> _Stored data_:
*** Block opens ***

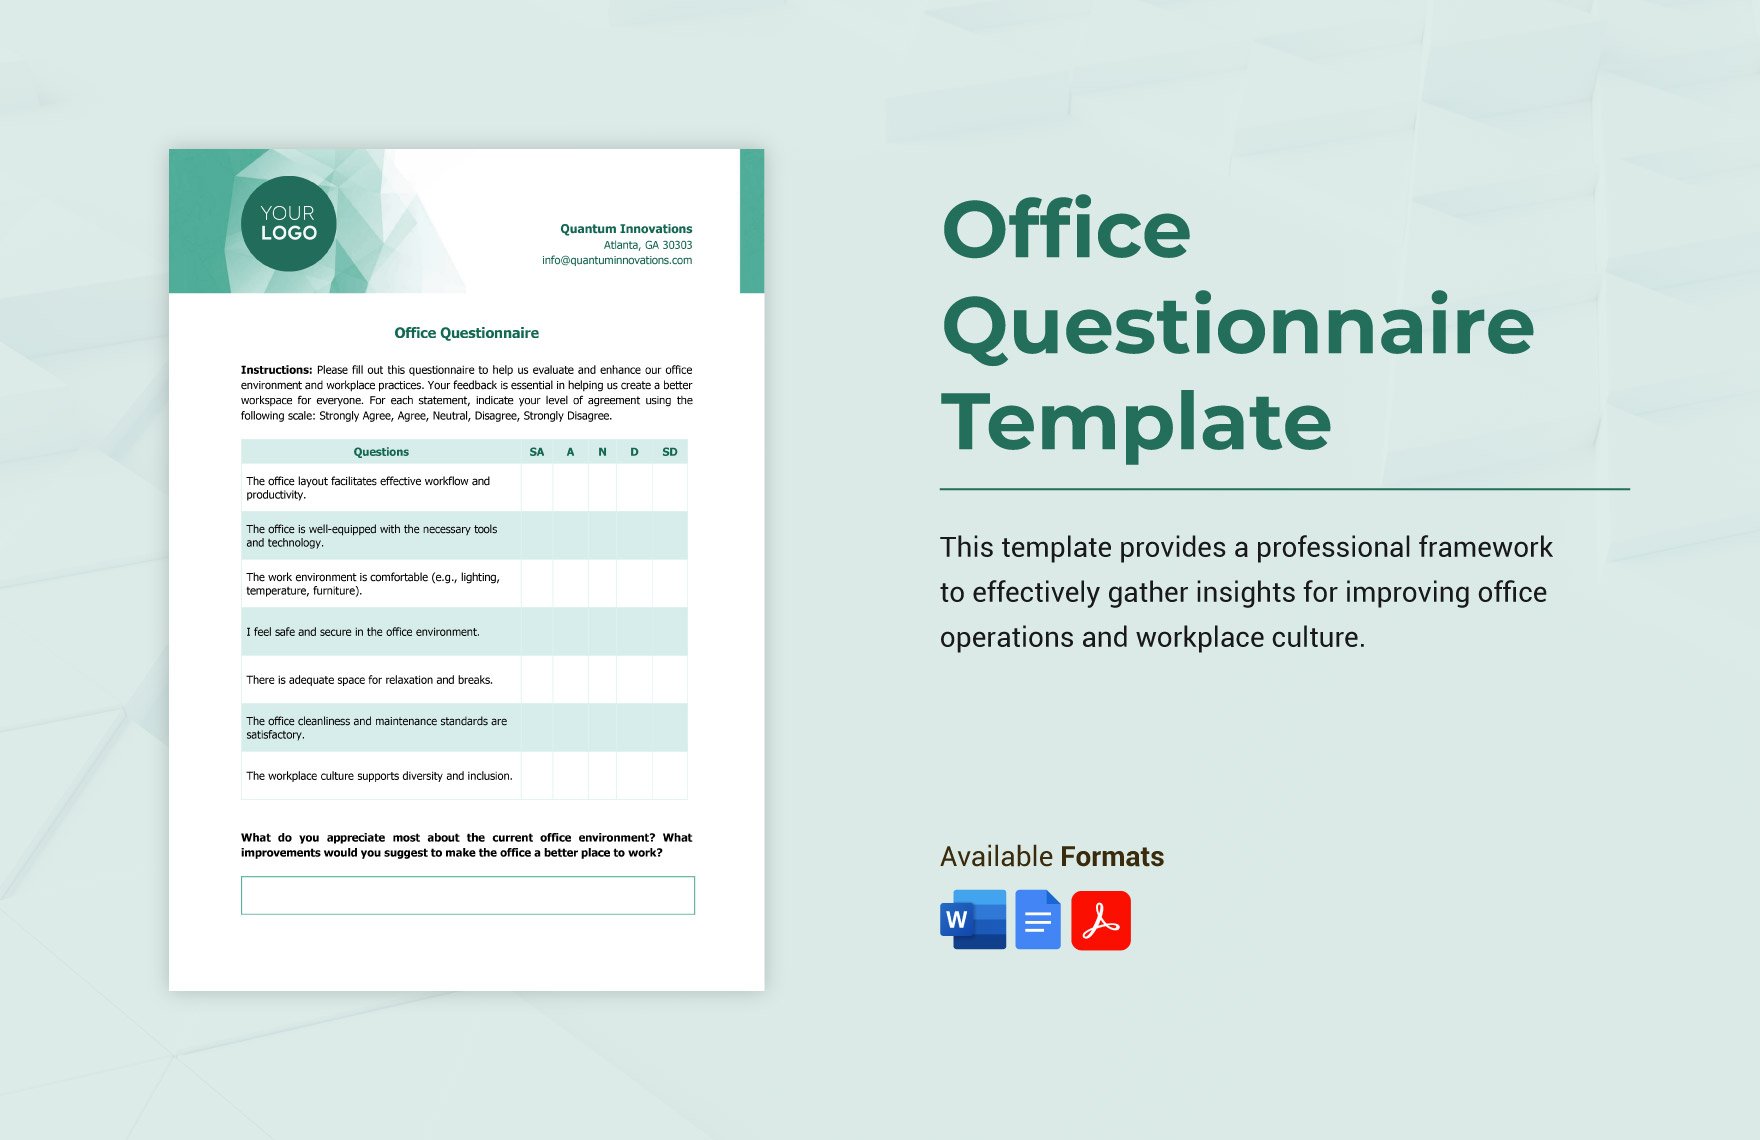 Free Office Questionnaire Template in Word, Google Docs, PDF
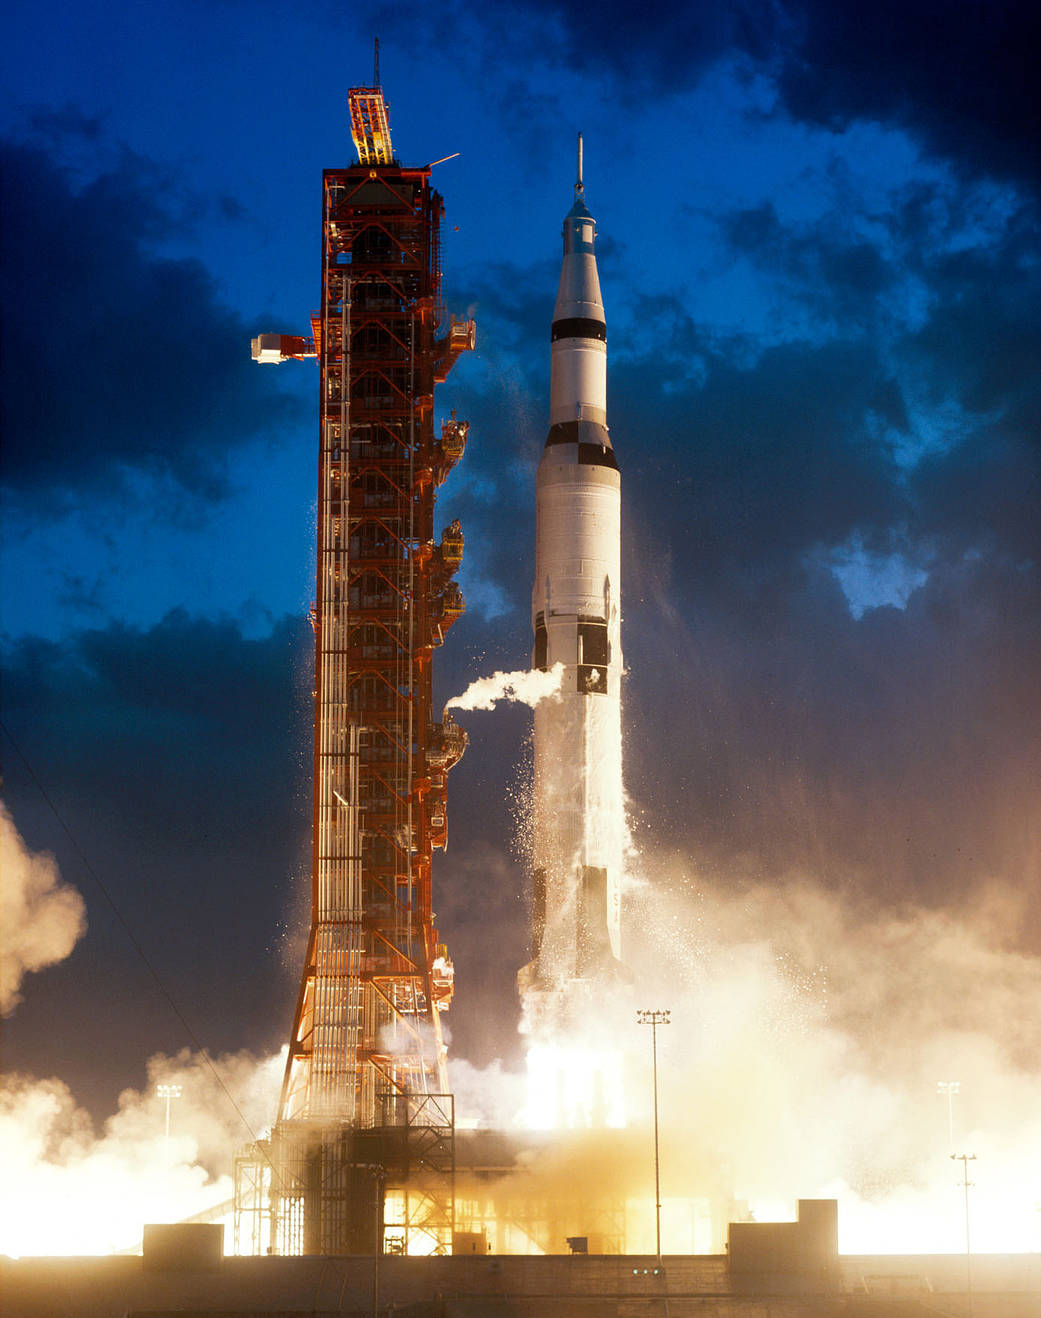 This week in 1967, the Apollo 4 mission launched from NASA’s Kennedy Space Center. 
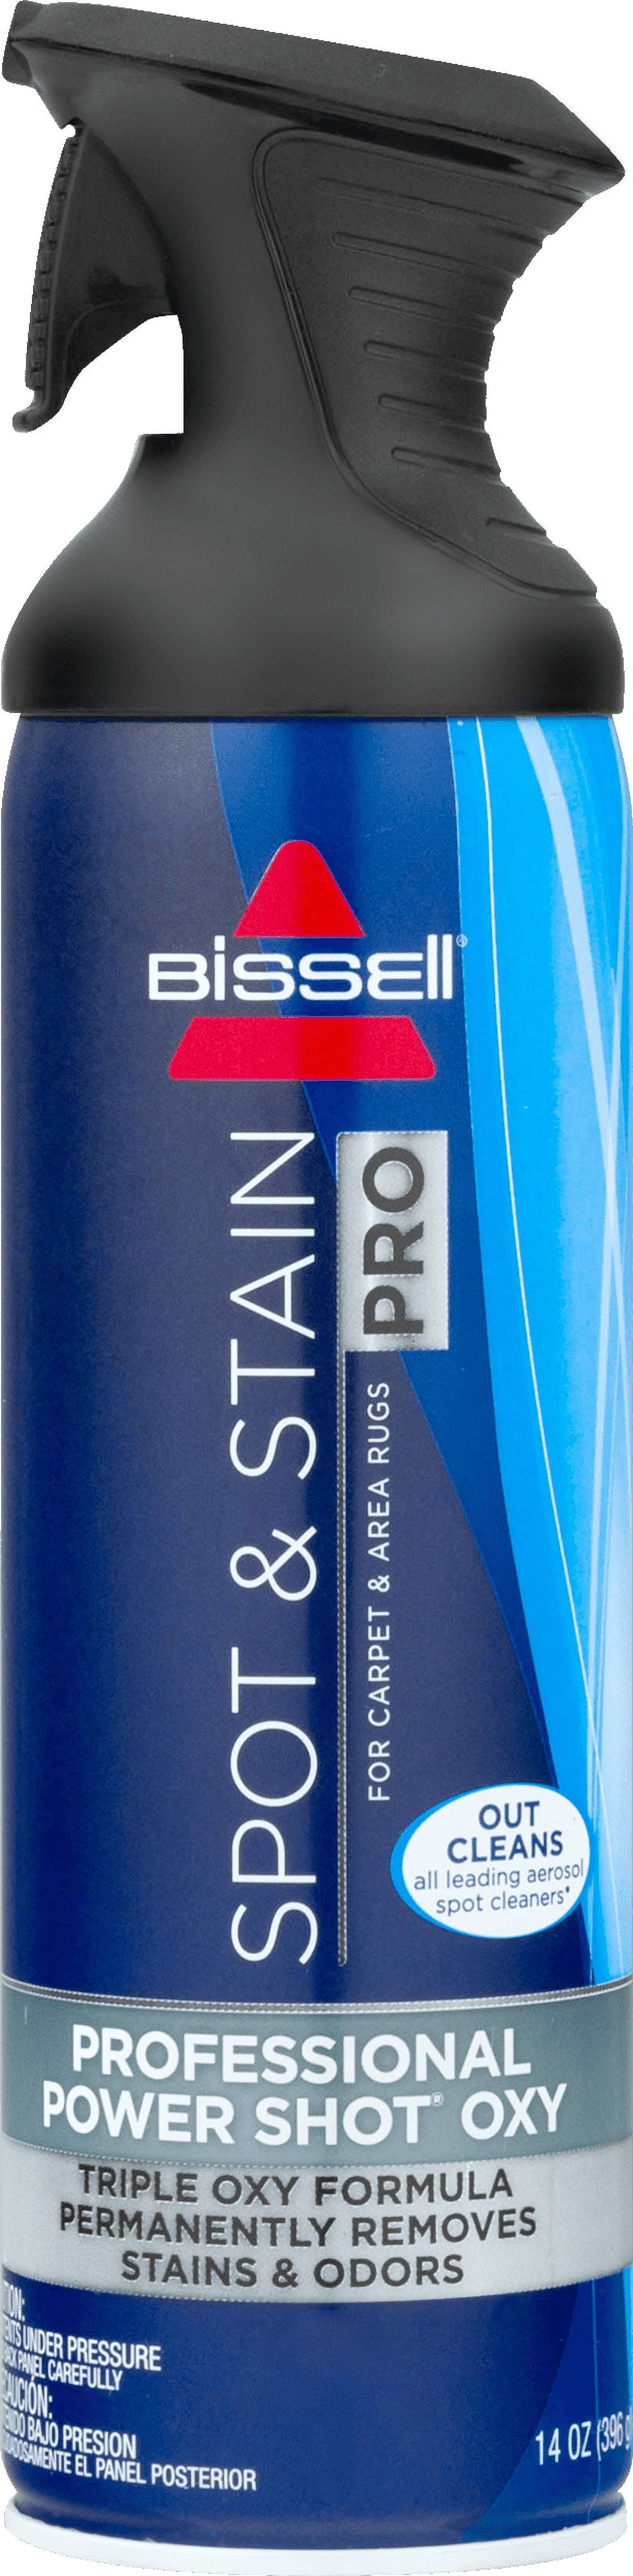 NEW 6-PACK Bissell 13A2 Oxy Pro 14 oz Stain Remover & Carpet Spot Cleaner  Spray

*** Block closes ***

> _Assigned task_: Copy the listing over exactly, skipping the pictures it holds.

> _Exercise solution_:
 Free Office Questionnaire Template in Word, Google Docs, PDF
 This week in 1967, the Apollo 4 mission launched from NASA’s Kennedy Space Center. 
 NEW 6-PACK Bissell 13A2 Oxy Pro 14 oz Stain Remover & Carpet Spot Cleaner  Spray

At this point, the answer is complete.